GSI Technology has announced that its new “Associative Processing Unit” (APU), named Gemini‑I APU, delivers GPU-class throughput comparable to NVIDIA’s A6000 GPU for certain AI workloads—while consuming up to 98% less energy.
The result comes from an independent study led by researchers at Cornell University and presented at the Micro ’25 conference.
What exactly was measured
- The Cornell study used realistic workloads, notably retrieval-augmented generation (RAG) tasks over datasets ranging from 10 GB to 200 GB. Investing.com
- On those RAG tasks the Gemini-I APU matched the throughput of an NVIDIA A6000 GPU while consuming ~98% fewer watts (or using only ~2% of the energy).
- It also reportedly reduced retrieval latency by up to 80% compared to conventional CPUs.
- The architecture: “compute-in-memory” (CIM) / “compute-in-SRAM” design that integrates processing logic directly into memory arrays, thereby cutting the data-movement bottleneck.
Why this is a big deal
- Energy efficiency jump: With AI workloads consuming ever more power (data centres, inference farms), cutting energy by ~98% while maintaining performance is a massive leap.
- Performance parity: Matching a high-end GPU like the NVIDIA A6000 (a powerful card used for AI, visualization, etc.) suggests the architecture isn’t just low-power for toy tasks but viable for real workloads.
- New architectural paradigm: The compute-in-memory / compute-in-SRAM concept challenges the traditional separation of memory and compute in modern processors.
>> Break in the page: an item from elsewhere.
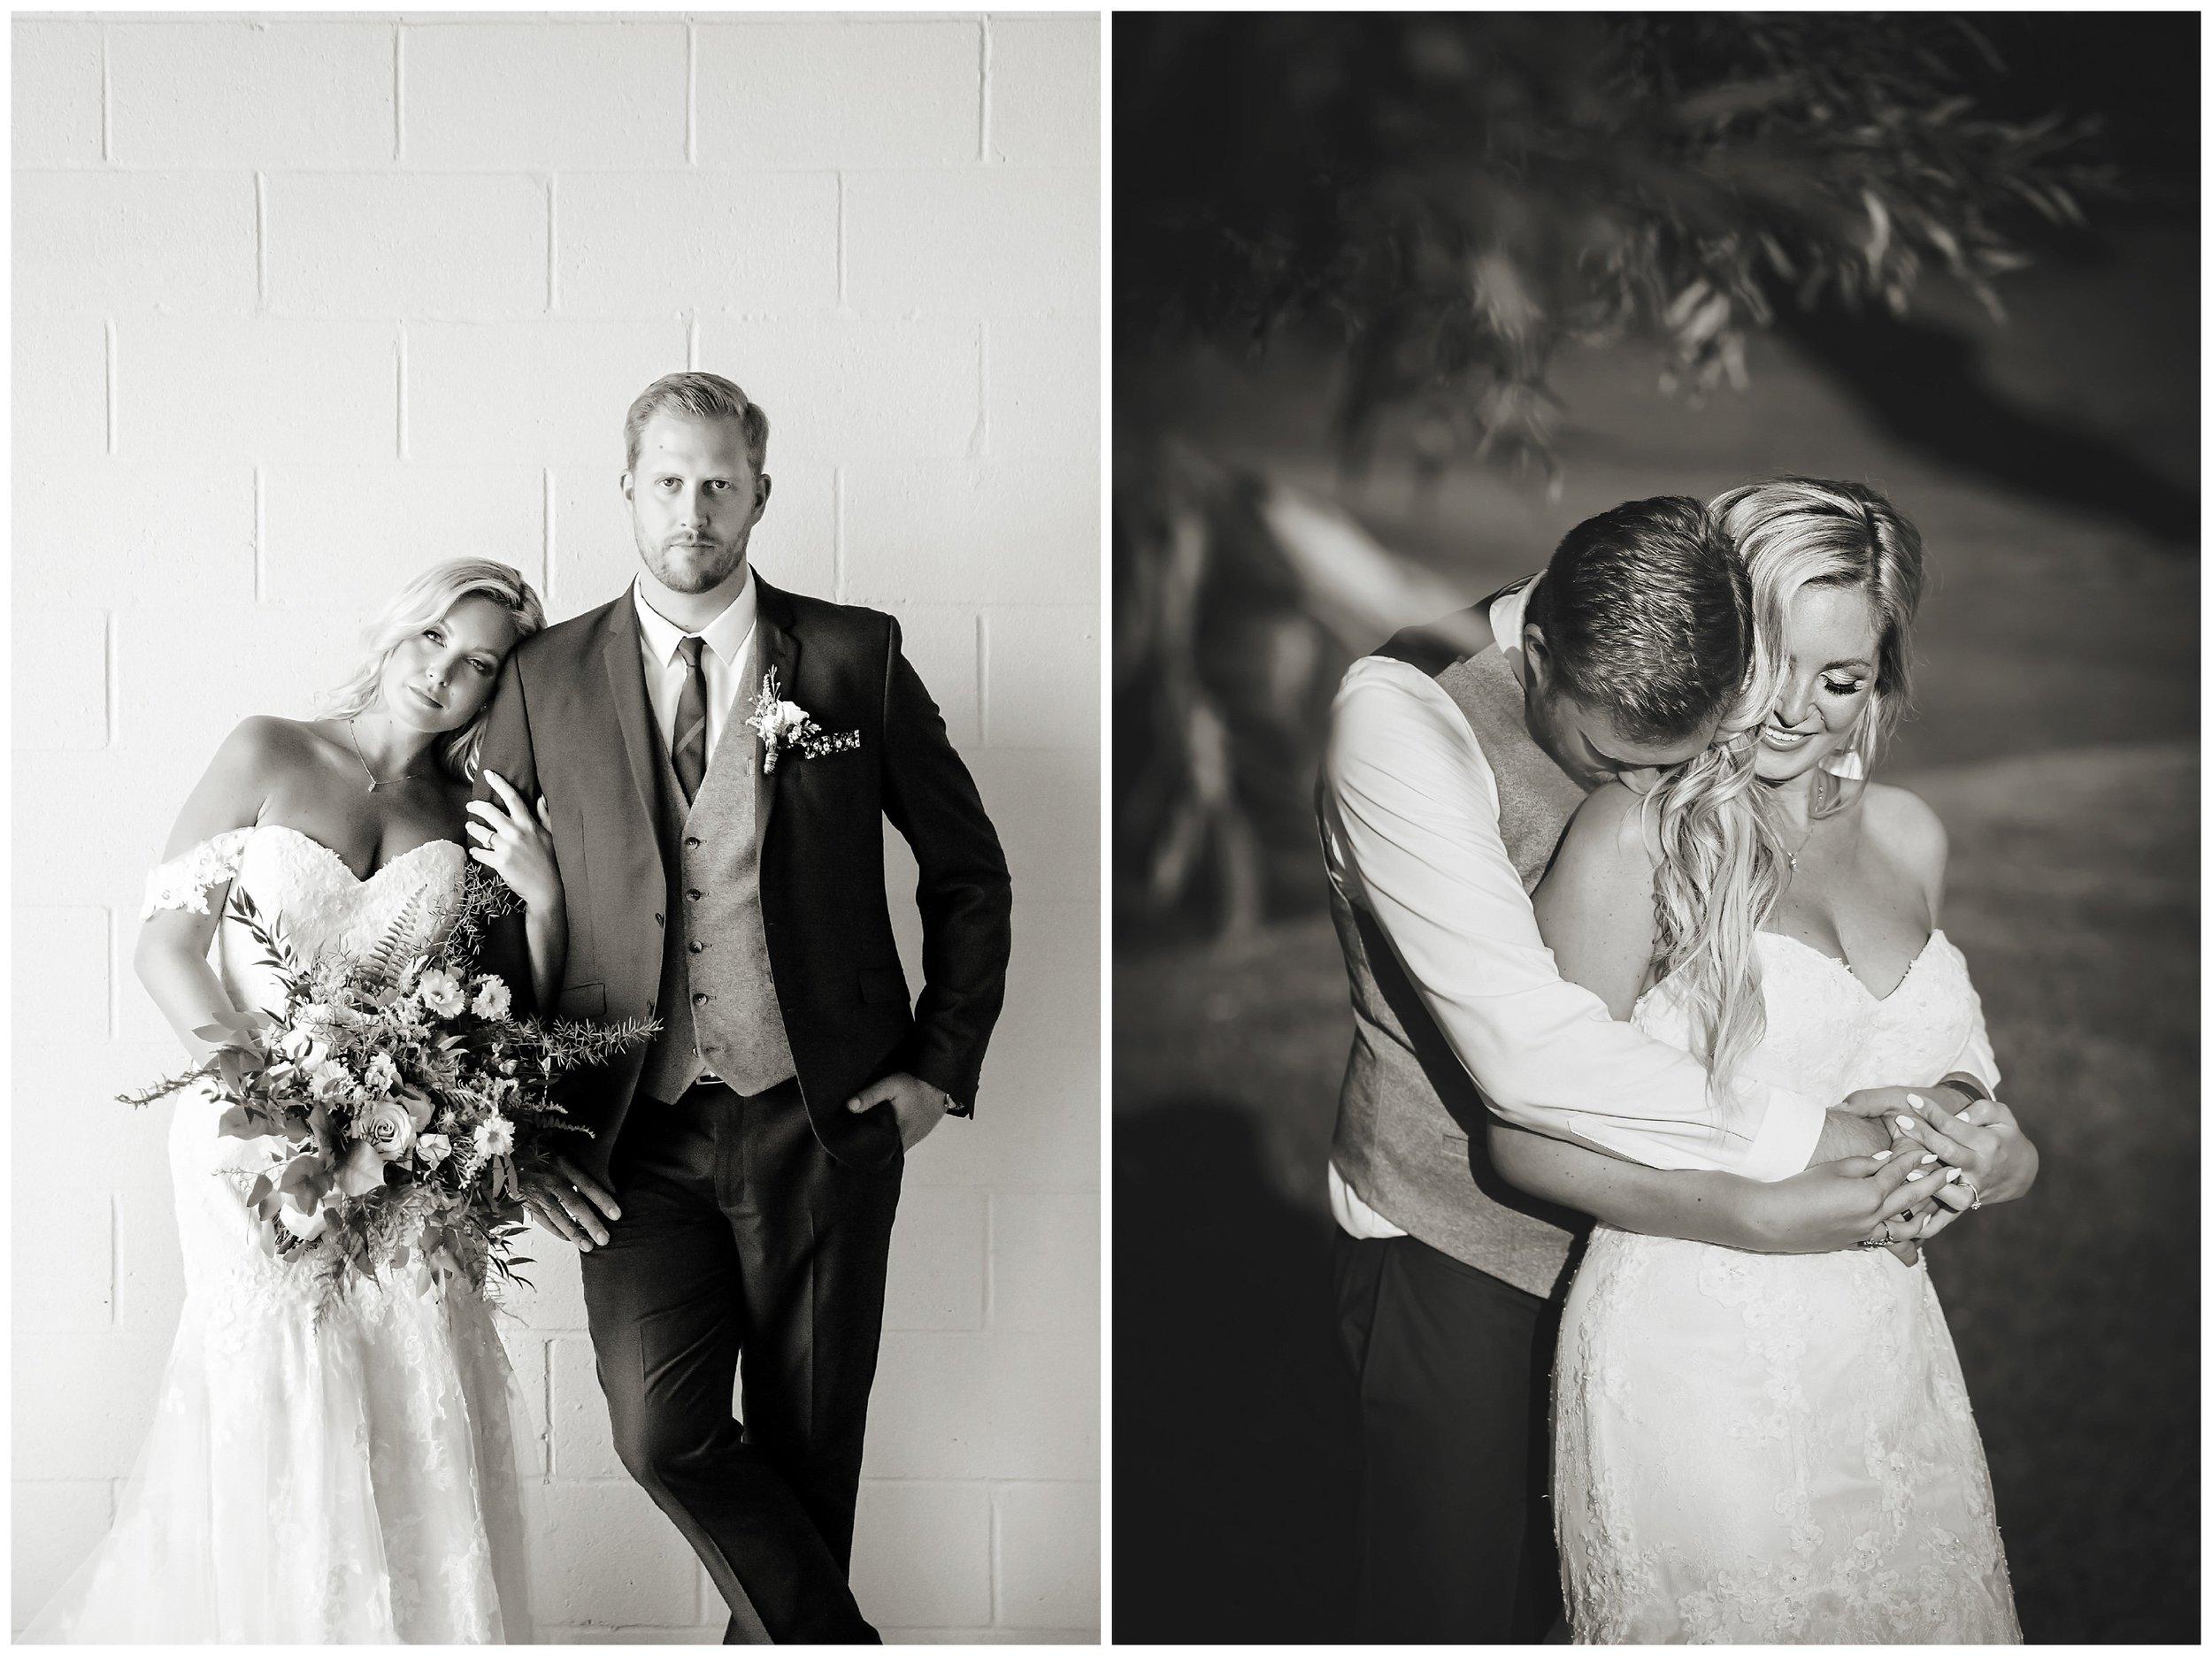 VanDaele-Russell-Wedding-Photography-London-Toronto-Ontario_0158.jpg

If this works at scale, it could shift how AI hardware gets designed.
- Edge & data-centre implications: Lower power usage means less cooling, smaller infrastructure, potential for use in constrained environments (edge devices, embedded systems) as well as large data centres.
- Competitive pressure: This puts pressure on established GPU companies (e.g., NVIDIA, AMD) and might accelerate innovation in energy-efficient AI hardware.
Key limitations & what to watch
- Workload scope is limited: The study focused on RAG workloads and datasets of 10–200 GB. It is not yet clear how the Gemini-I APU performs on all types of AI workloads (training large language models, huge GPUs, etc.).
- Ecosystem & software support: Even if the hardware is superior on a certain benchmark, success will depend on tooling, software stack, compatibility, and wide adoption. GPUs benefit from mature ecosystems; CIM is newer.
- Scalability and commercialisation: The hardware must scale (fabrication, yield, reliability) and show consistent performance in real-world systems (not just lab benchmarks).
- Latency, memory size, model compatibility: Some tasks may require large memory capacities, multiple GPUs/accelerators, or very high precision which may not yet be fully tested.
- Energy claims need real-world validation: While benchmarking in controlled conditions shows ~98% lower energy, real-world system-level efficiency (including power supply, cooling, etc.) may vary.
Implications for India & the global AI hardware market
- For Indian AI companies / startups: This development means that alternatives to high-power GPUs may soon exist or become more accessible—potentially lowering barriers for AI infrastructure domestically.
- Data-centre operators in India: Energy costs (electricity, cooling) are major concerns. Hardware that delivers similar compute at far lower power could reduce operational expenses significantly.
- Edge computing in India (IoT, remote, low-power scenarios): Smaller, more efficient hardware means smarter devices in power-constrained settings—a boon for remote or rural deployments.
- Skill and supply-chain implications: If compute-in-memory hardware gains momentum, engineers and developers will need to upskill for new architectures; also supply-chain (semiconductor manufacturing, memory tech) may shift.
- Competitive dynamics: Indian hardware ecosystem and chip design may benefit from this trend by focusing on low-power, high-efficiency compute rather than direct brute-force high-power design.
What’s next
- Watch for Gemini-II APU from GSI Technology which the company says will deliver ~10× faster throughput and even lower latency. Investing.com
- Real-world deployment and partner announcements: who uses this chip, in what systems, and whether independent benchmarks replicate the results.
- Further research publications beyond RAG workloads—how does compute-in-memory perform on training, large-model inference, different precision types, etc.
- Hardware integration: form-factors, memory/chip packaging, system-level power/thermal profiles, compatibility with existing AI frameworks/infrastructure.
- Competitive response: how GPU makers respond with more efficient architectures, and how cloud providers/inference service providers adapt.
Final Thought
GSI Technology’s announcement of the Gemini-I APU matching NVIDIA A6000 GPU performance with ~98% less energy could mark a turning point in AI hardware. It shows that the future of AI compute could be not just faster, but far more efficient, reshaping how we think about power, performance and hardware architecture. That said, the real test will be scaling this from benchmark to widespread use.